Narzack fucked around with this message at 02:23 on Mar 26, 2018

Basebf555
Feb 29, 2008

The greatest sensual pleasure there is is to know the desires of another!

Fun Shoe
I watched Peckinpah's The Killer Elite the other day and I thought it was not very good at all. Am I a bad person? I feel like I failed by not liking this movie because it's Caan and Duvall playing CIA assassins and what's not to like? I found the actual story to be extremely boring.

Wheat Loaf
Feb 13, 2012

by FactsAreUseless

Basebf555 posted:

I watched Peckinpah's The Killer Elite the other day and I thought it was not very good at all. Am I a bad person? I feel like I failed by not liking this movie because it's Caan and Duvall playing CIA assassins and what's not to like? I found the actual story to be extremely boring.

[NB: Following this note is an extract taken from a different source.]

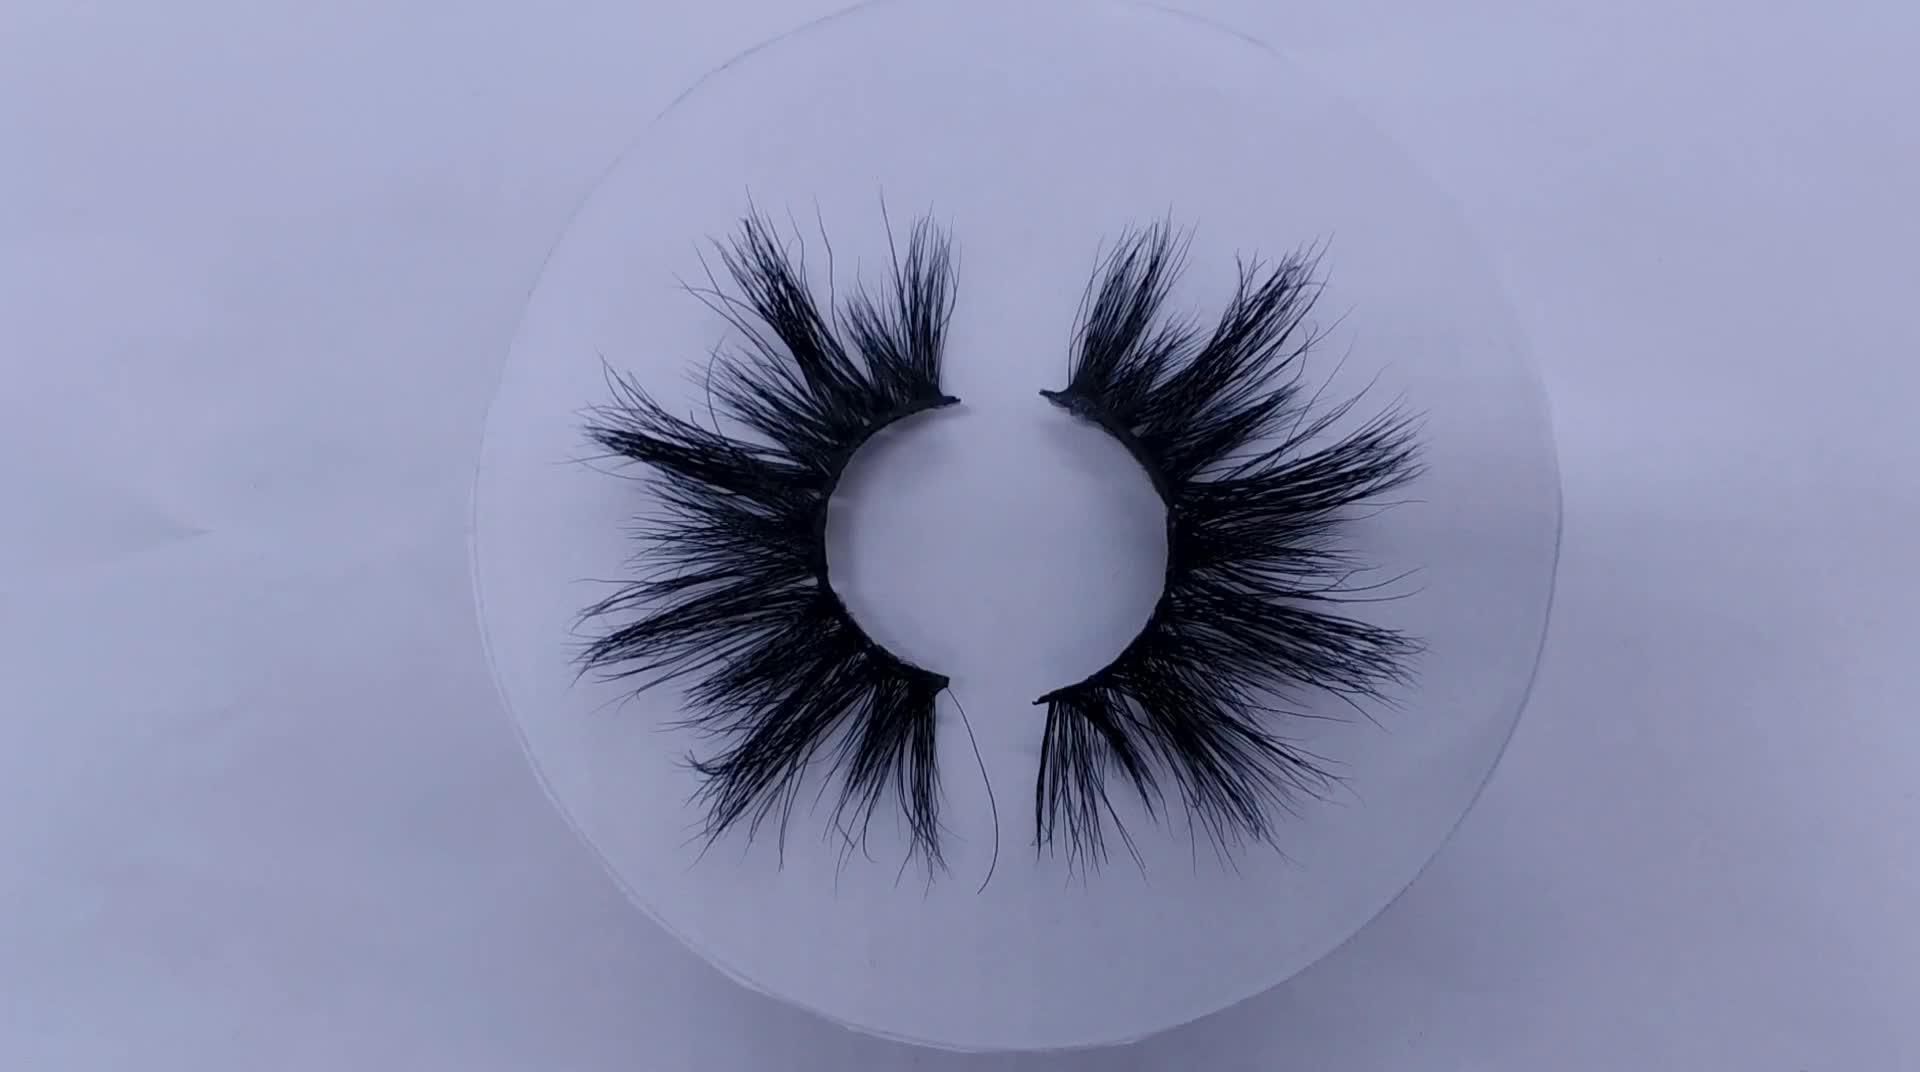 एसवाई lashes shuying 5d मिंक lashes 25mm रियल 100% साइबेरियाई मिंक eyelashes अतिरिक्त लंबे eyelashes 25mm मिंक eyelashes विक्रेता
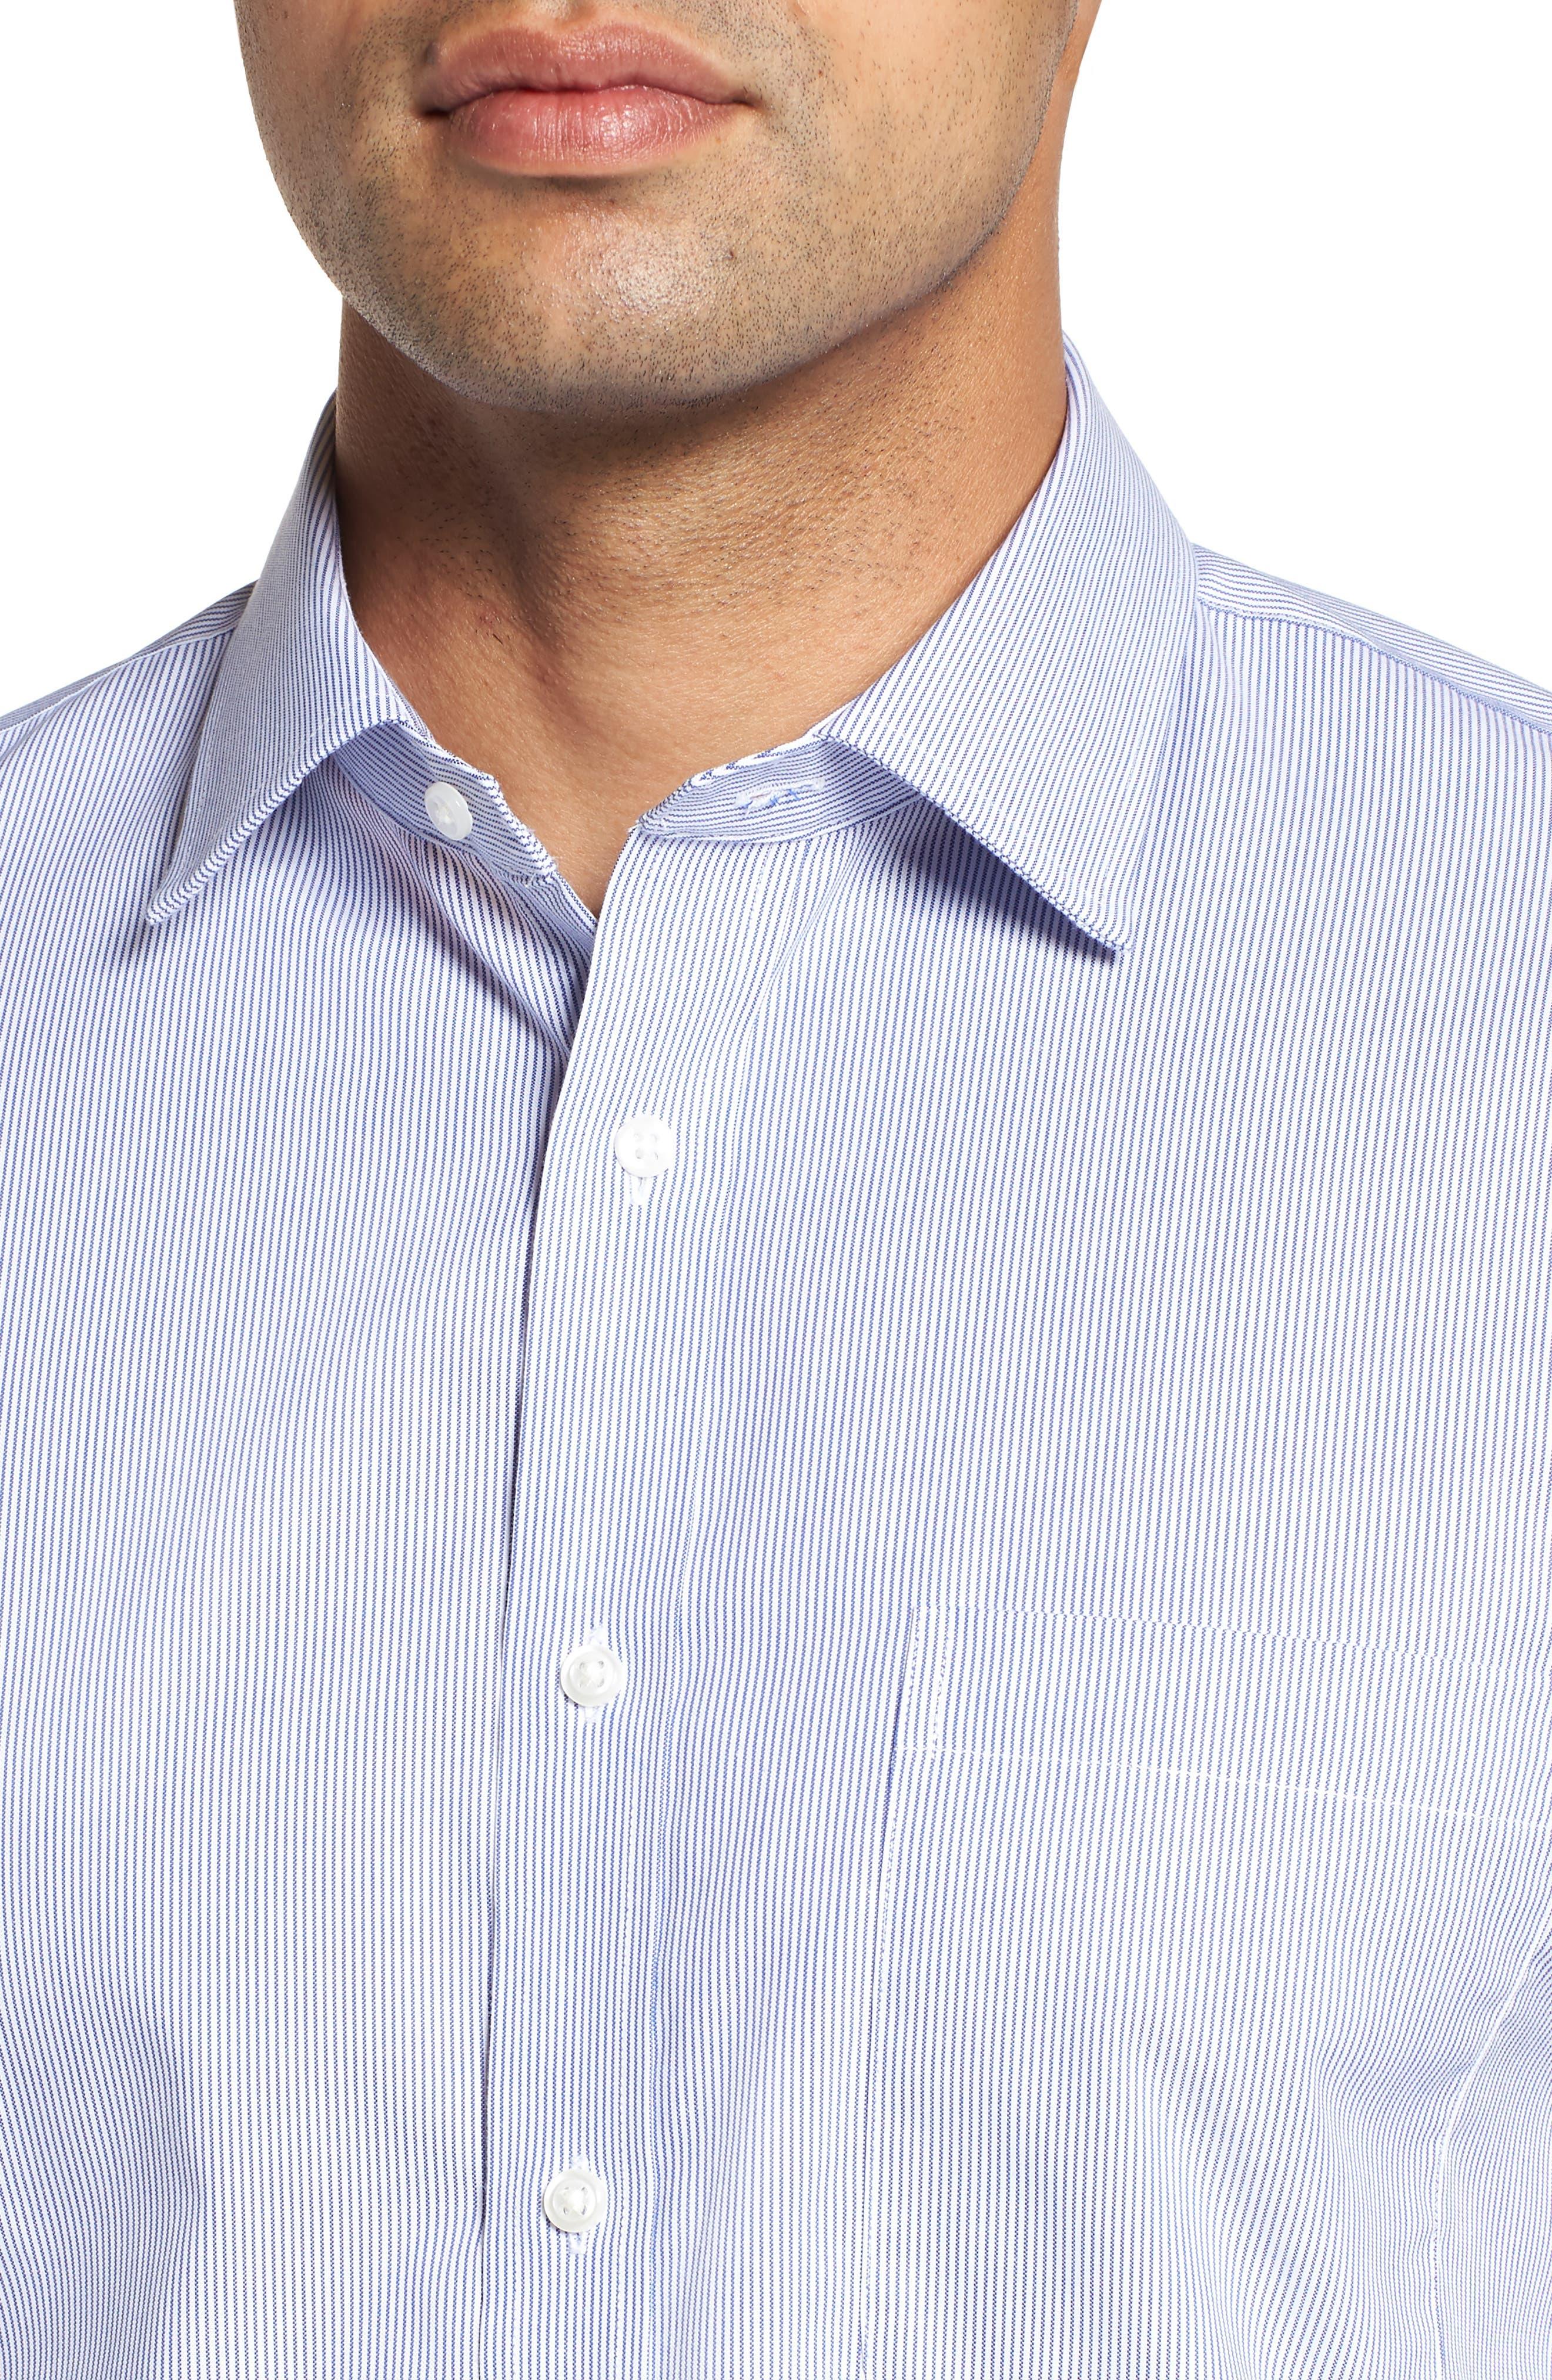 Trim Fit Non-Iron Stripe Dress Shirt,                             Alternate thumbnail 2, color,                             NAVY PATRIOT

I think that's the one Caan says he did because someone told him it would be great to be able to say, "I worked with Sam Peckinpah," and he wasn't really into it.

I've only ever seen two Peckinpah movies off the top of my head (The Wild Bunch, obviously, and Bring Me the Head of Alfredo Garcia - both very good in my book).

Basebf555
Feb 29, 2008

The greatest sensual pleasure there is is to know the desires of another!

Fun Shoe
Yea I've only seen The Wild Bunch, but it's great so I've been seeking out more Peckinpah. Bring Me the Head of Alfredo Garcia is the one I really want to track down but I haven't found it streaming anywhere yet.

Wheat Loaf
Feb 13, 2012

by FactsAreUseless
Curiously, The Wild Bunch is one of the two dvds I own where you have to flip the disc halfway through to finish watching the movie (the other is Goodfellas, of all things).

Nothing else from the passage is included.